Published: 2020-12-03

Total Pages: 235

ISBN-13: 1108901727

DOWNLOAD EBOOK →

This book argues that modernists such as James Joyce and Virginia Woolf engaged creatively with modernity's expanding forms of collective experience and performative identities. Judith Paltin compares patterns of crowds in modernist Anglophone literature to historical arrangements and theories of democratic assembly to argue that an abstract construction of the crowd engages with the transformation of popular subjectivity from a nineteenth-century liberal citizenry to the contemporary sense of a range of political multitudes struggling with intersectional conditions of oppression and precarity.
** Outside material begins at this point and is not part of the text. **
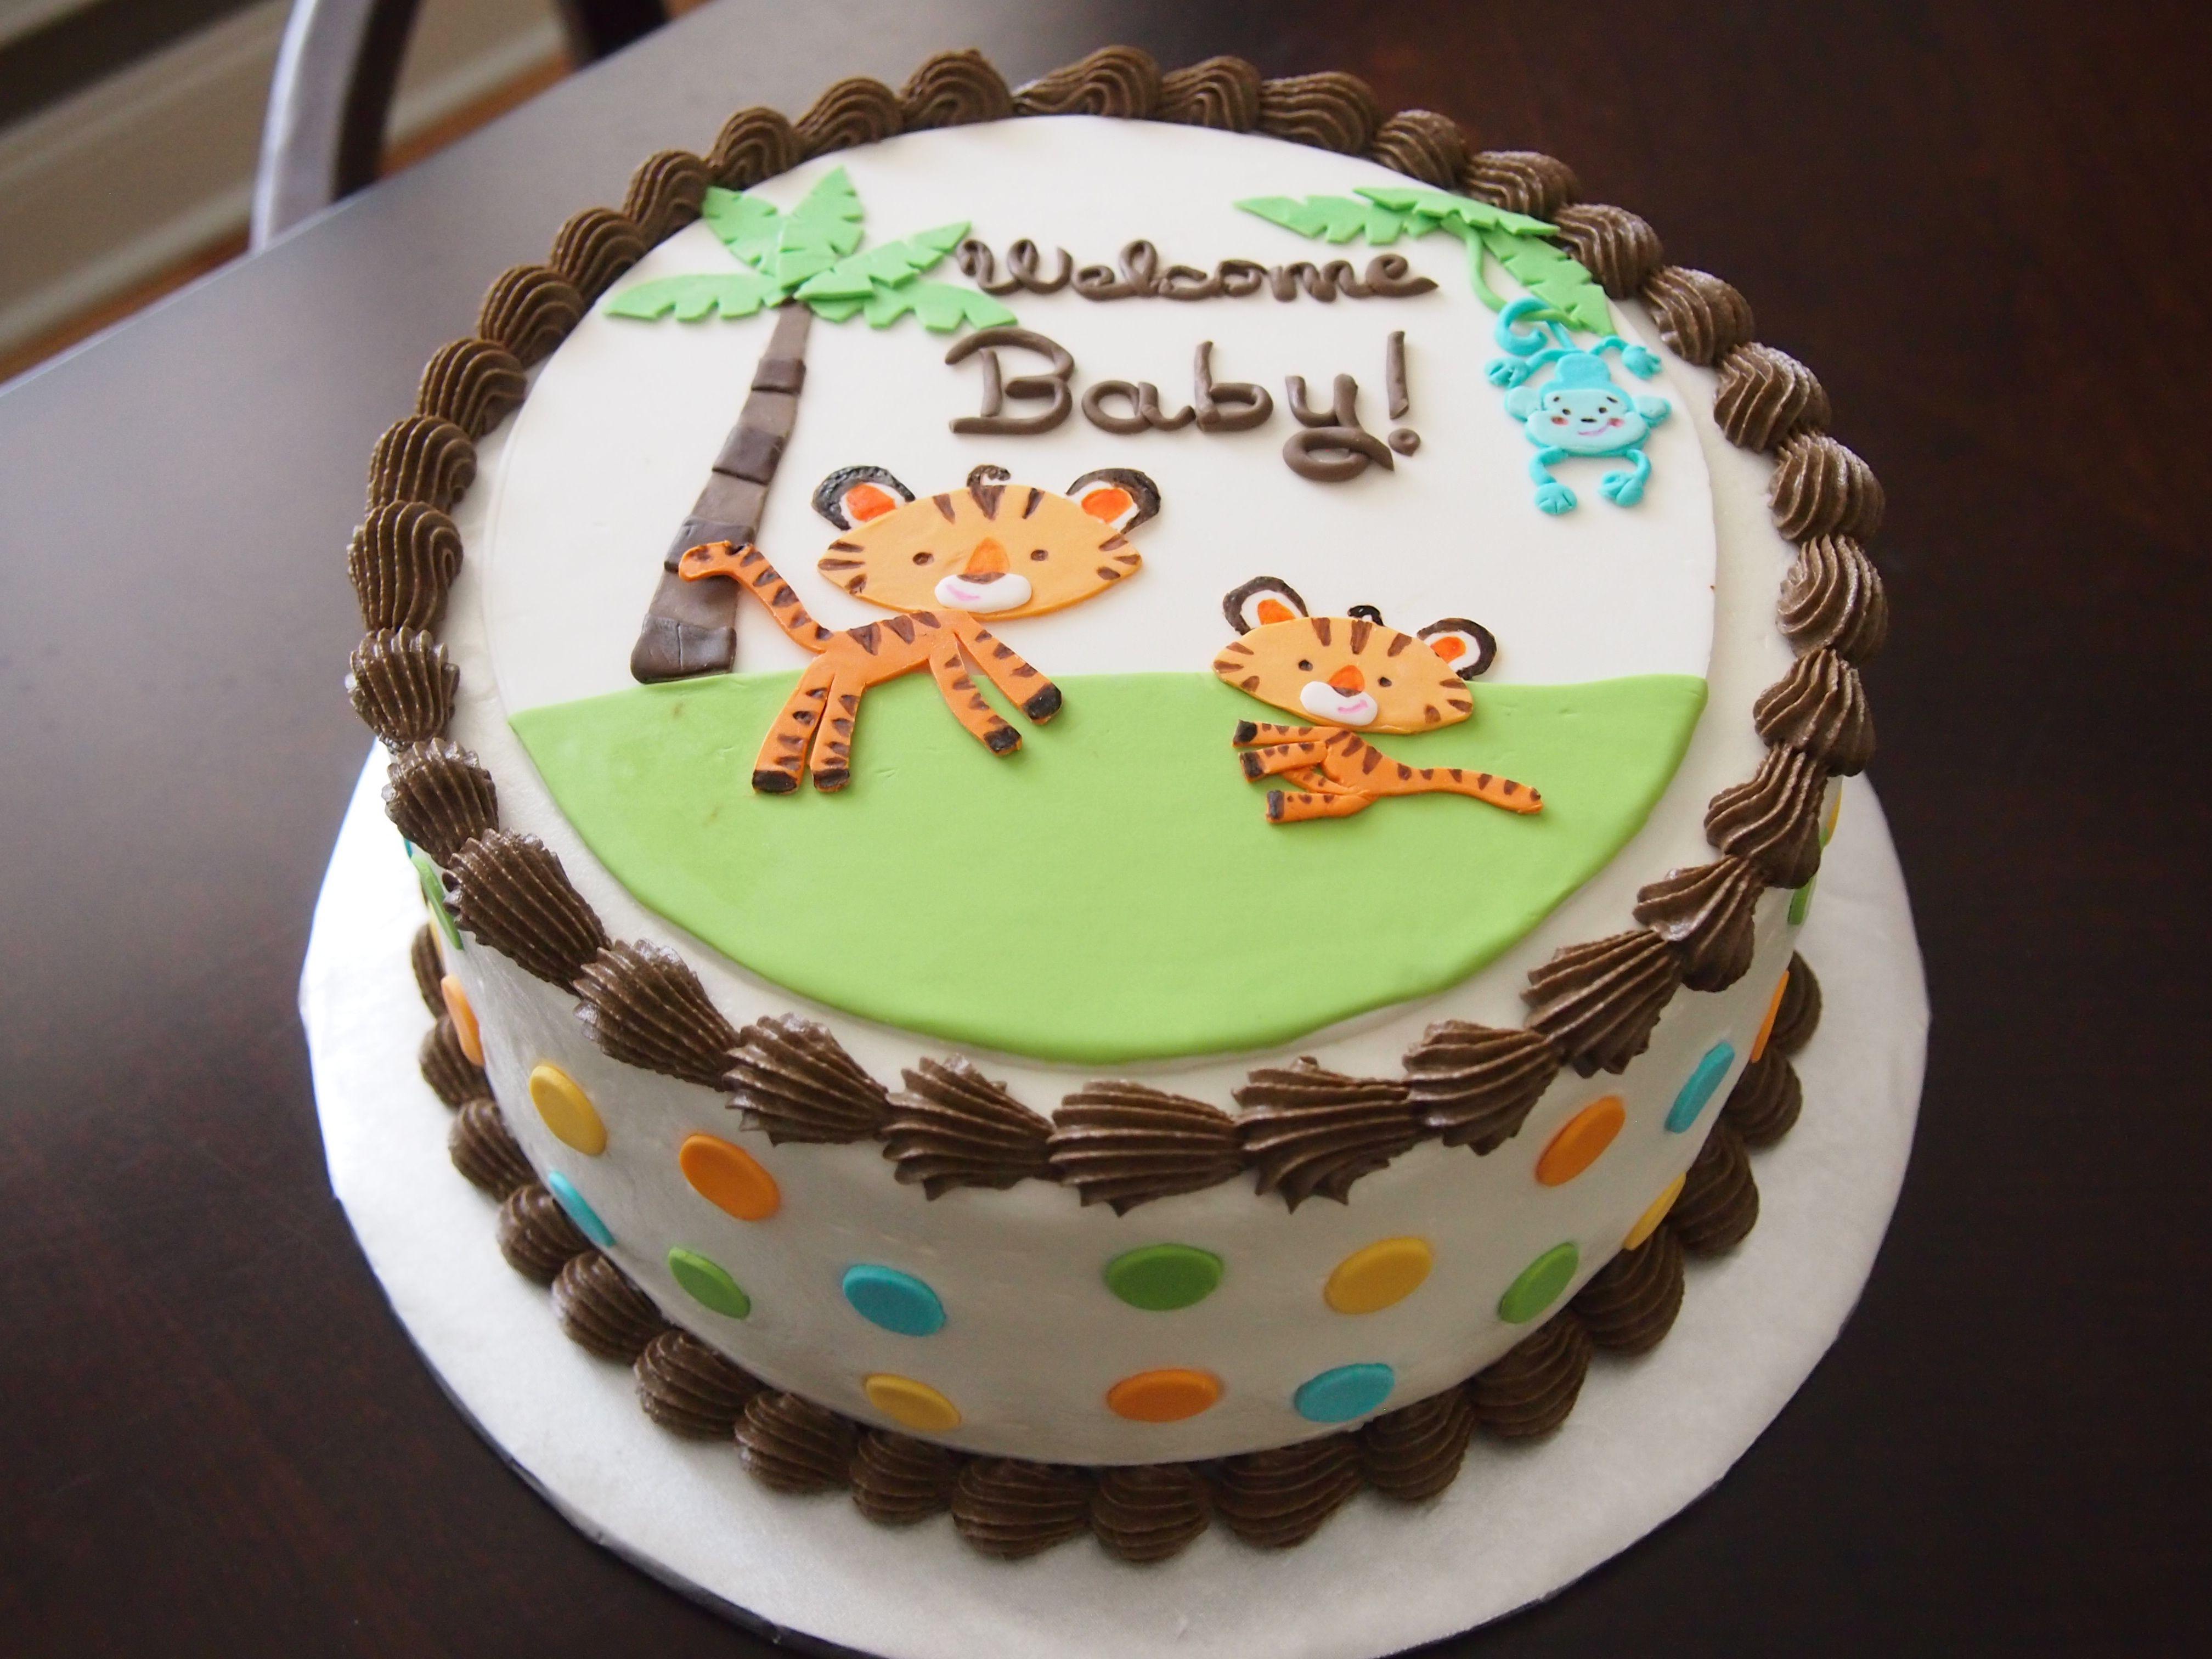 Fisher Price Rainforest Jungle Safari Baby Shower Cake

Modernist works, many of which were composed during the ascendancy of fascism and other populist politics claiming to be based on the action of the crowd, frequently stage the crowd as a primal scene for violence; at the same time, they posit a counterforce in more agile collective gatherings which clarify the changing relations in literary modernity between subjects and power.

Critical Companion to James Joyce

Critical Companion to James Joyce PDF

Author: A. Nicholas Fargnoli

Publisher: Infobase Publishing

Published: 2014-05-14

Total Pages: 465

ISBN-13: 1438108486

DOWNLOAD EBOOK →

Examines the life and writings of James Joyce, including a biographical sketch, detailed synopses of his works, social and historical influences, and more.

Modernism

Modernism PDF

Author: Lawrence Rainey

Publisher: John Wiley & Sons

Published: 2005-07-15

Total Pages: 1217

ISBN-13: 0631204482

DOWNLOAD EBOOK →

Modernism: An Anthology is the most comprehensive anthology of Anglo-American modernism ever to be published. Amply represents the giants of modernism - James Joyce, Gertrude Stein, Virginia Woolf, T.S. Eliot, Ezra Pound, Wallace Stevens, Marianne Moore, Samuel Beckett. Includes a generous selection of Continental texts, enabling readers to trace modernism’s dialogue with the Futurists, the Dadaists, the Surrealists, and the Frankfurt School. Supported by helpful annotations, and an extensive bibliography. Allows readers to encounter anew the extraordinary revolution in language that transformed the aesthetics of the modern world .

Semicolonial Joyce

Semicolonial Joyce PDF

Author: Derek Attridge

Publisher: Cambridge University Press

Published: 2000-06-22

Total Pages: 284

ISBN-13: 9780521666282

DOWNLOAD EBOOK →

A landmark collection of essays examining Joyce's relationship with Irish colonialism and nationalism.

James Joyce

James Joyce PDF

Author: Len Platt

Publisher: Bloomsbury Publishing

Published: 2011-10-06

Total Pages: 193

ISBN-13: 1441165460

DOWNLOAD EBOOK →

Introduces the work of James Joyce, the literary, historical and political contexts in which he wrote and his critical reception up to the present day.